Karel Kula

Personal information
- Date of birth: 10 August 1963 (age 61)
- Place of birth: Třinec, Czechoslovakia
- Height: 1.81 m (5 ft 11 in)
- Position(s): Midfielder

Youth career
- Český Těšín
- Železárny Třinec

Senior career*
- Years: Team / Apps / (Gls)
- 1981–1991: Baník Ostrava / 188 / (25)
- 1982–1984: → Dukla Banská Bystrica (loan) / 19 / (0)
- 1991–1992: Stuttgarter Kickers / 28 / (6)
- 1992–1995: SG Wattenscheid 09 / 59 / (3)
- 1995–1996: Železárny Třinec / 39 / (1)
- 1997–1998: Baník Ostrava / 21 / (0)

International career
- 1985–1992: Czechoslovakia / 40 / (5)

Managerial career
- 2006–2008: Baník Ostrava (assistant)
- 2009–2010: FK Fotbal Třinec (assistant)
- 2010–2012: Karviná
- 2013–2014: FK Fotbal Třinec
- 2015–2016: FK Fotbal Třinec

= Karel Kula =

Czech footballer (born 1963)

Karel Kula (born 10 August 1963) is a Czech local politician and former football player and manager.
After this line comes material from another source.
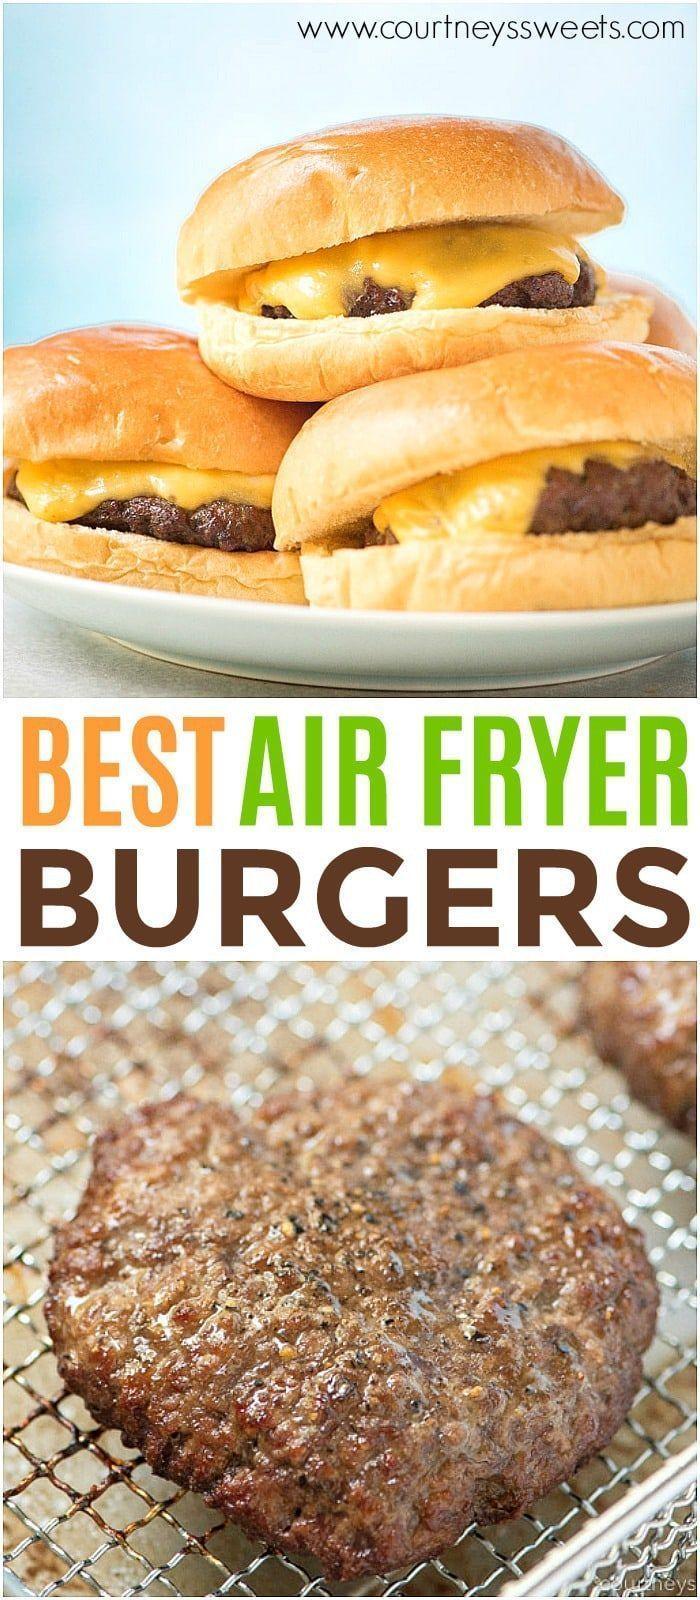 air fryer burgers recipe air fryer recipes air fryer

He played as a midfielder and was a general manager of MFK Karviná and FK Fotbal Třinec. In 2023, he became the mayor of Český Těšín.

==Playing career==
After making his professional debut at the age of 18 for FC Baník Ostrava, with a two-year loan during his spell at the club, Kula played more than 200 official appearances with the club. He won the Czechoslovak Cup with Baník in 2001. At 28 years old, Kula was allowed to leave the country, spending the next four years in Germany, three of those with SG Wattenscheid 09. Although he made his Bundesliga debut with Stuttgarter Kickers in the 1991–92 season, his six league goals (third in the team) were not enough to prevent relegation (in 17th position). At the age of 32, Kula returned to his country, now the Czech Republic. After two years with SK Železárny Třinec, he ended his career with Baník Ostrava in 1998.

Together with his twin brother, Vlastimil, Kula played for the youth national teams of Czechoslovakia including the 1983 FIFA World Youth Championship. He debuted for the senior squad against Sweden in June 1985. The following year, in May 1986, Kula scored his first goal during a friendly match against Iceland.

==Post-playing career==
Kula worked as assistant manager for Baník Ostrava from 2006 until 2008 and in the same role at FK Fotbal Třinec. He became head coach of Karviná in 2010. In March 2012, Kula was replaced as manager of Karviná by assistant Marek Kalivoda. He returned to FK Fotbal Třinec for the 2013–14 season as general manager; his successor was Marek Kalivoda.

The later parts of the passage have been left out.